> WHAT THE TASK ASKS
Write out an exact copy of the line containing "3D, Soft sheen" and all lines that follow it in the data below, leaving out pictures.
*** PROVIDED DATA
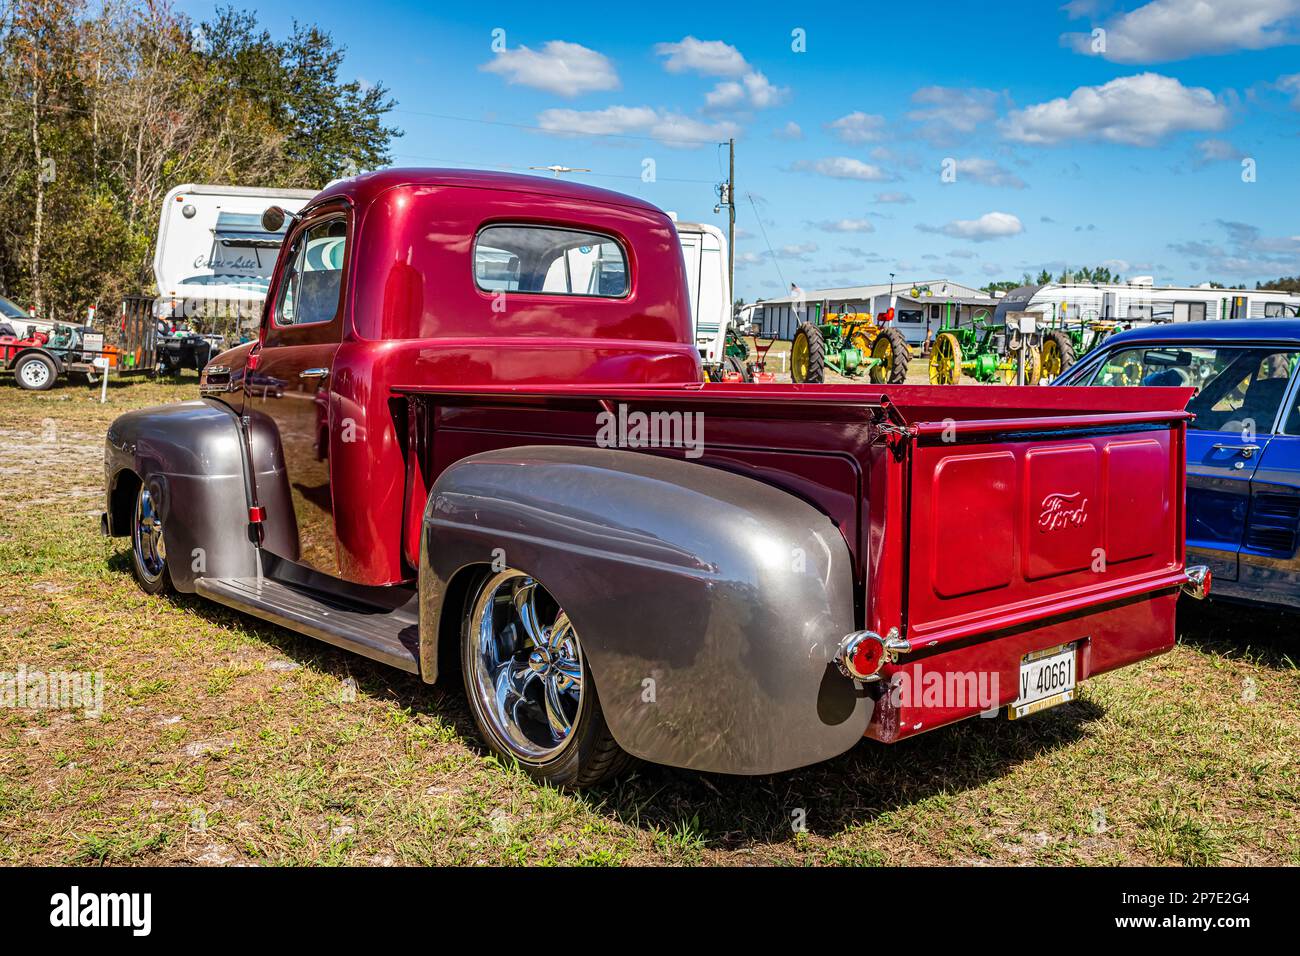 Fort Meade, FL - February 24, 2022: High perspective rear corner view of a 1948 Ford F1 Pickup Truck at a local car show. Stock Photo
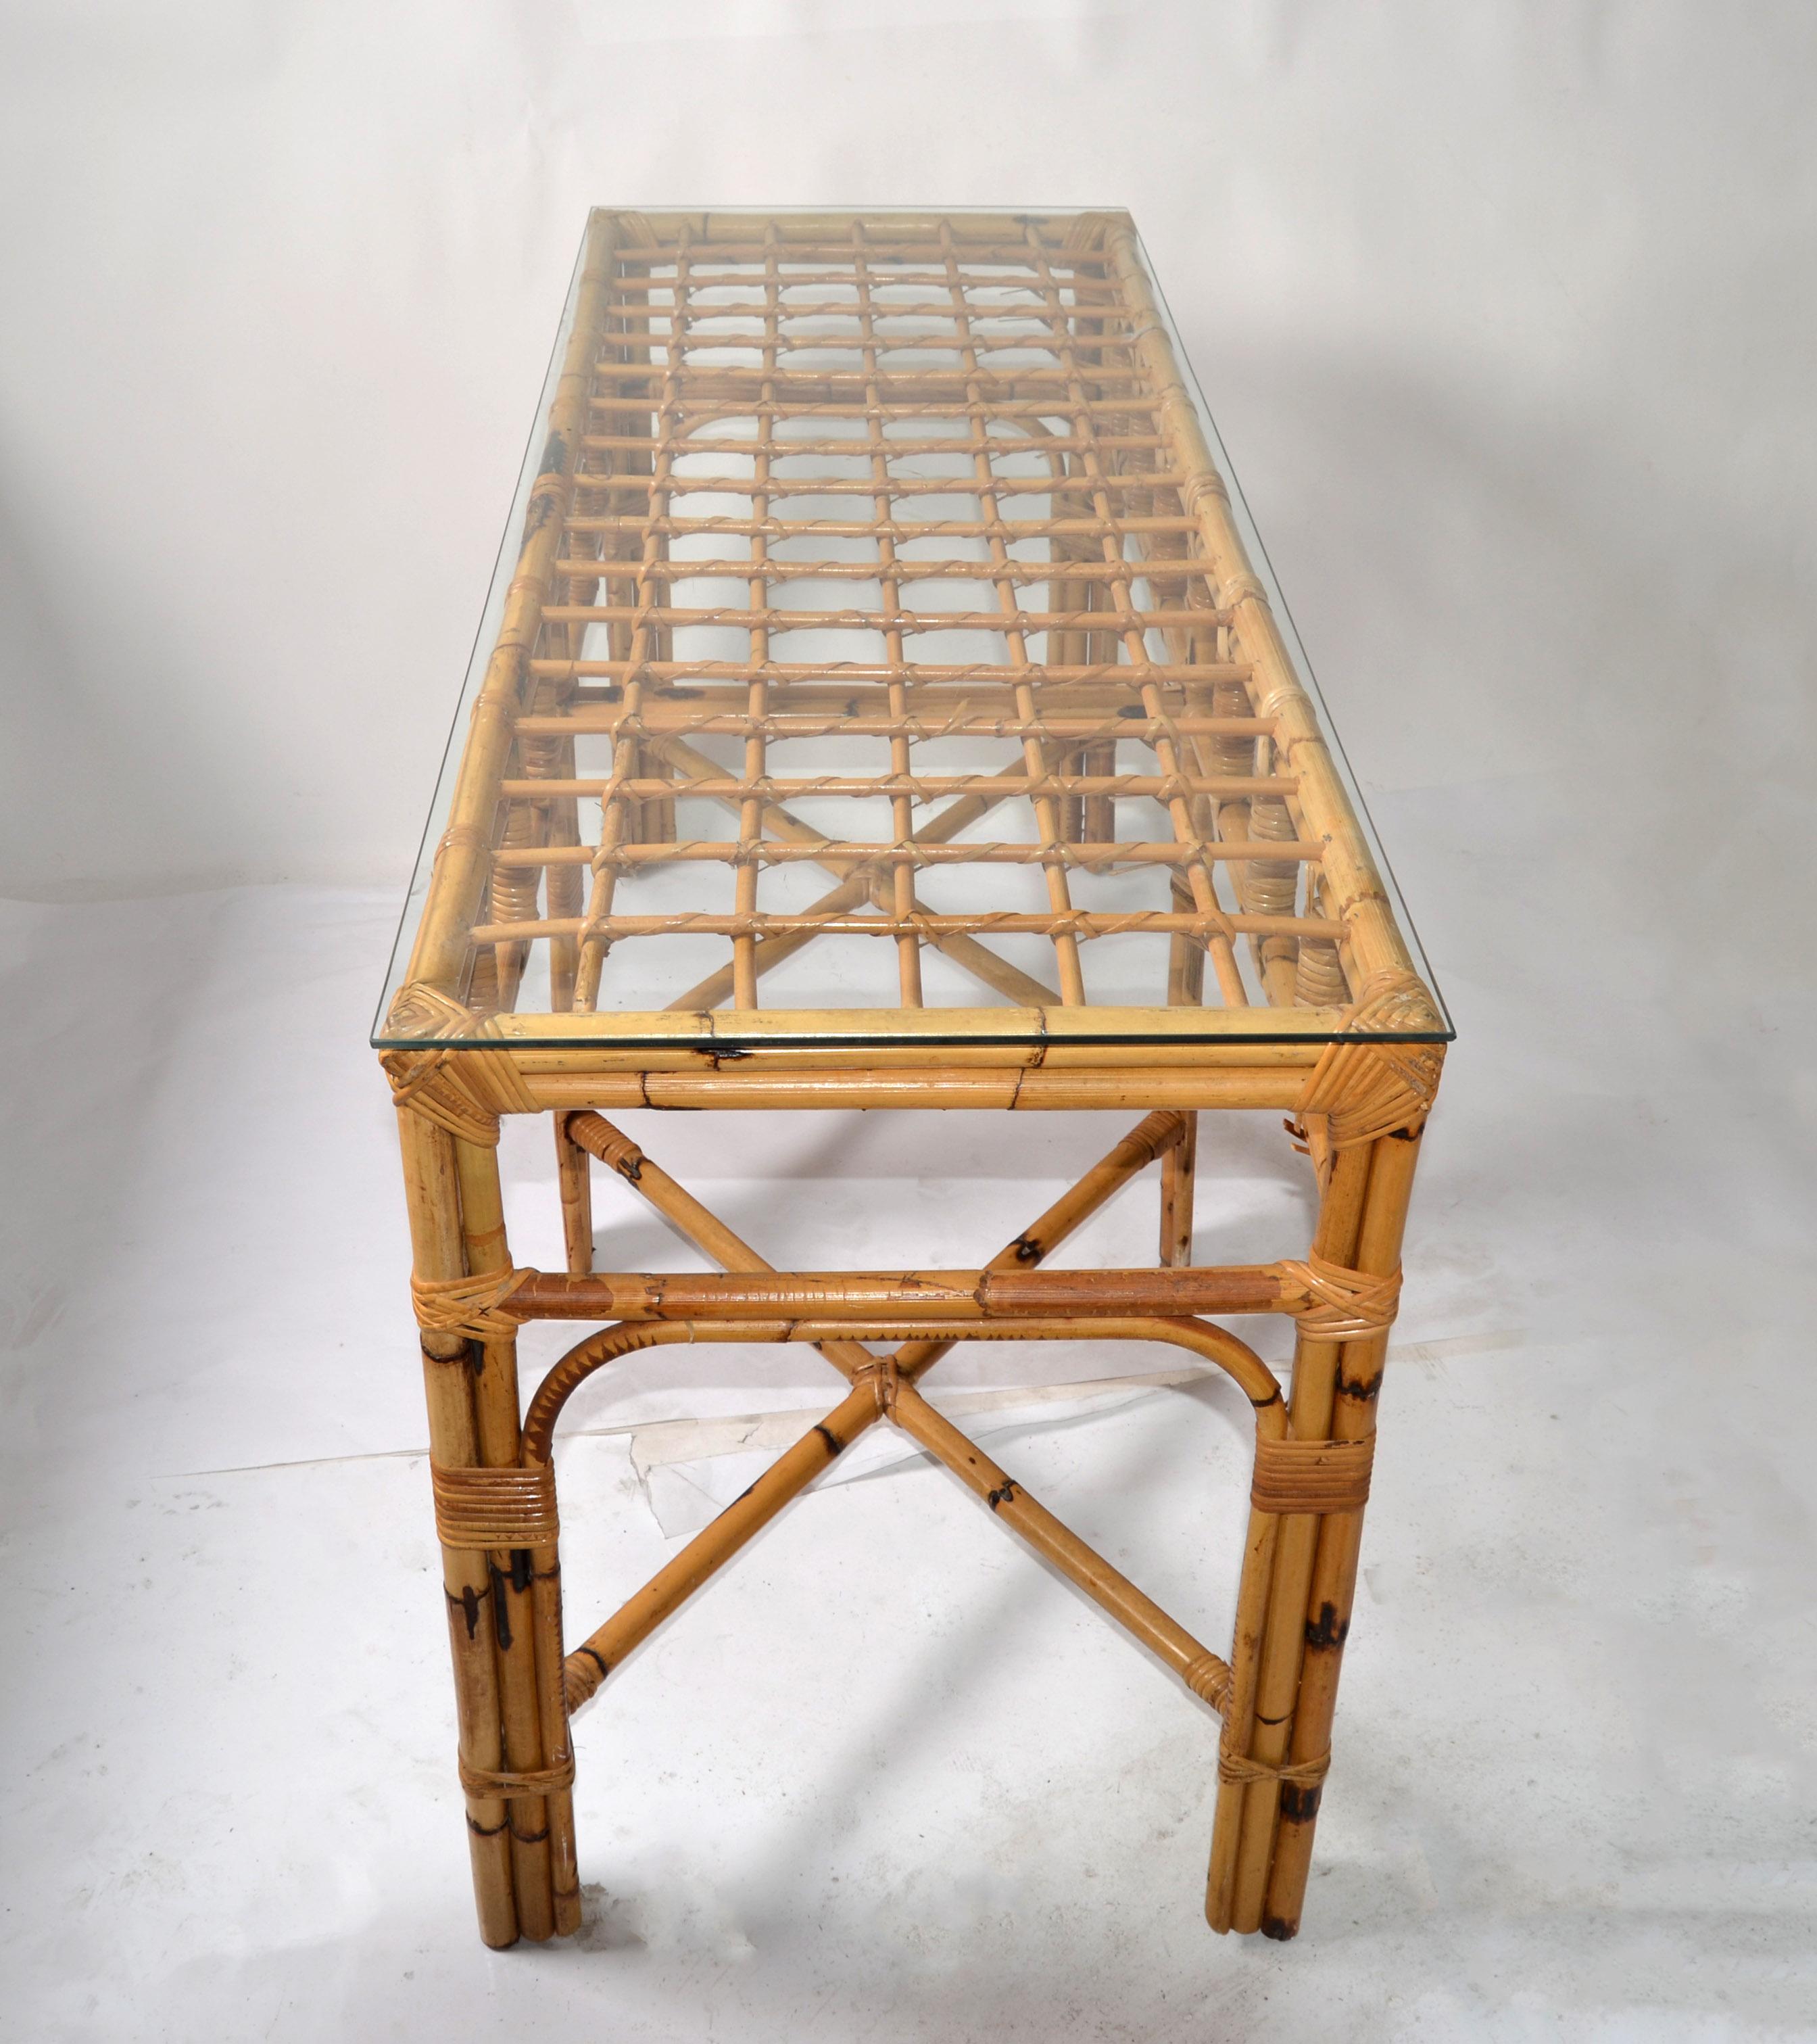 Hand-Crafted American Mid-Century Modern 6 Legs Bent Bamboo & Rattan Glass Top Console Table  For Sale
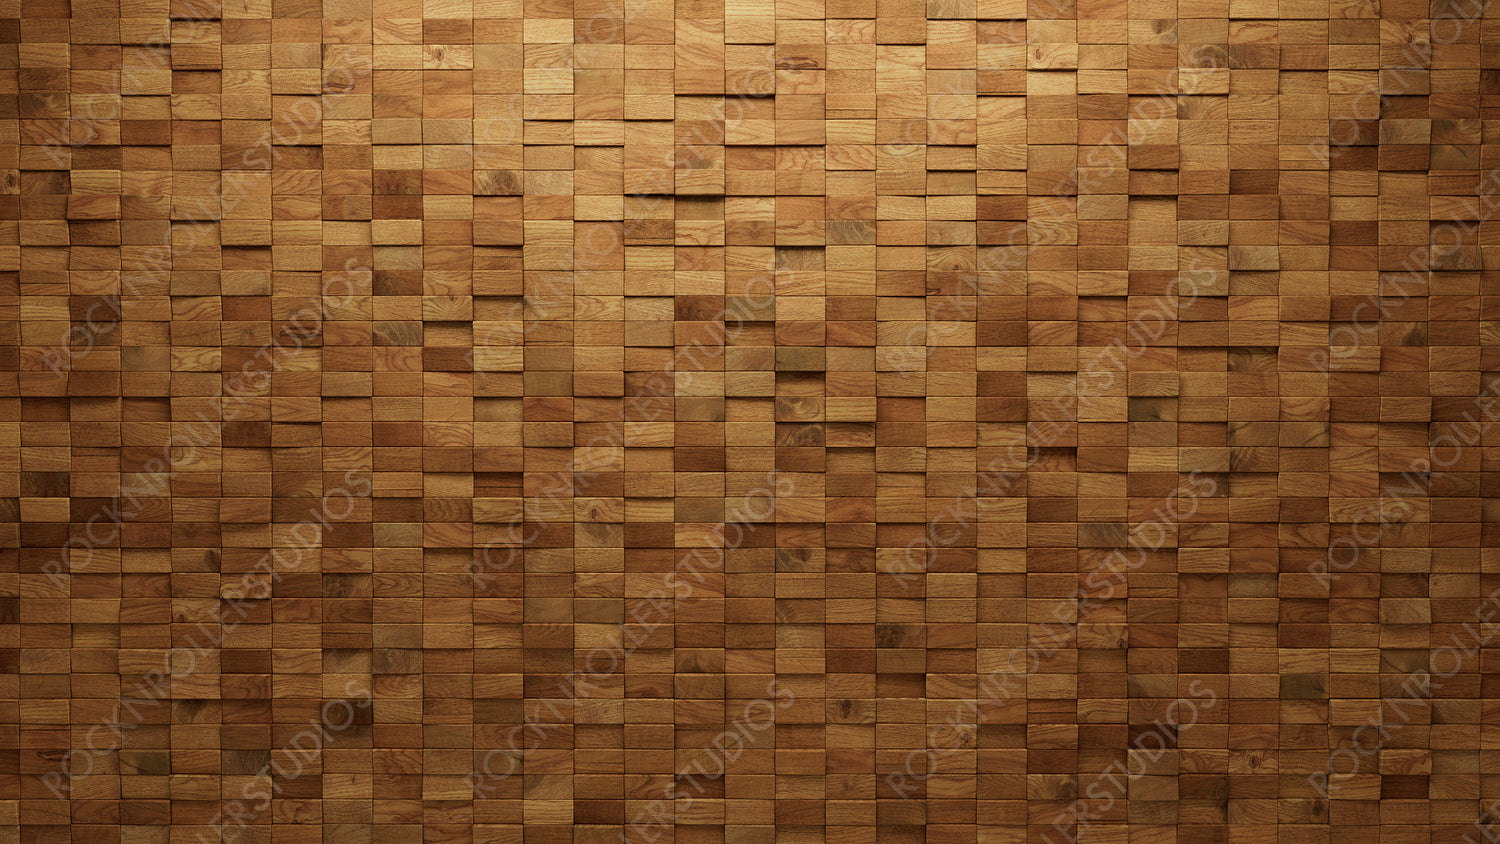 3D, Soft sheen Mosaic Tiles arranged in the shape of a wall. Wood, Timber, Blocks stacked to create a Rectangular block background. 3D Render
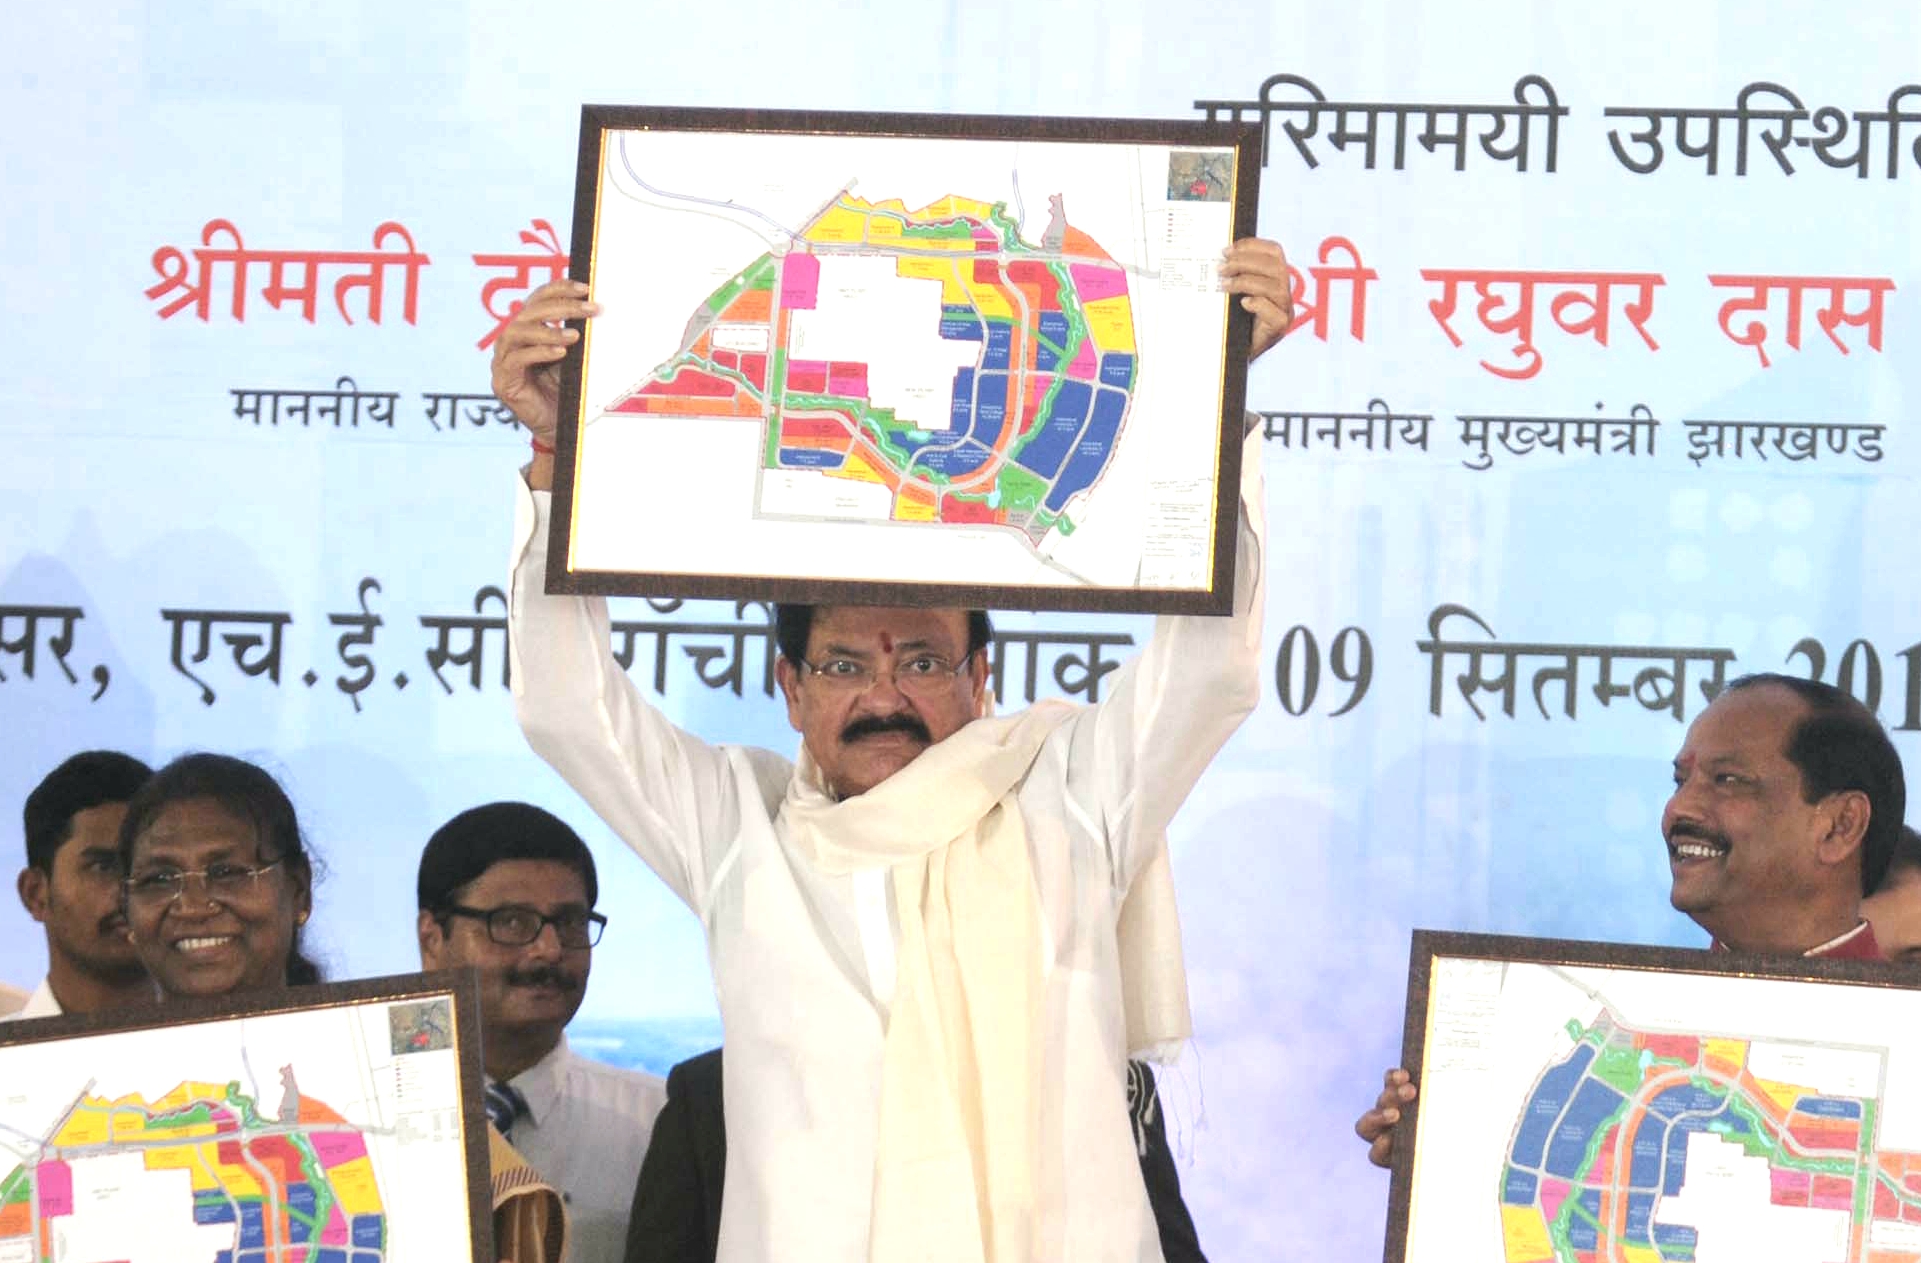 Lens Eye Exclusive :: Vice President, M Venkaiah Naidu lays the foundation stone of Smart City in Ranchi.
******
> FINISHED TASK
 3D, Soft sheen Mosaic Tiles arranged in the shape of a wall. Wood, Timber, Blocks stacked to create a Rectangular block background. 3D Render
 Lens Eye Exclusive :: Vice President, M Venkaiah Naidu lays the foundation stone of Smart City in Ranchi.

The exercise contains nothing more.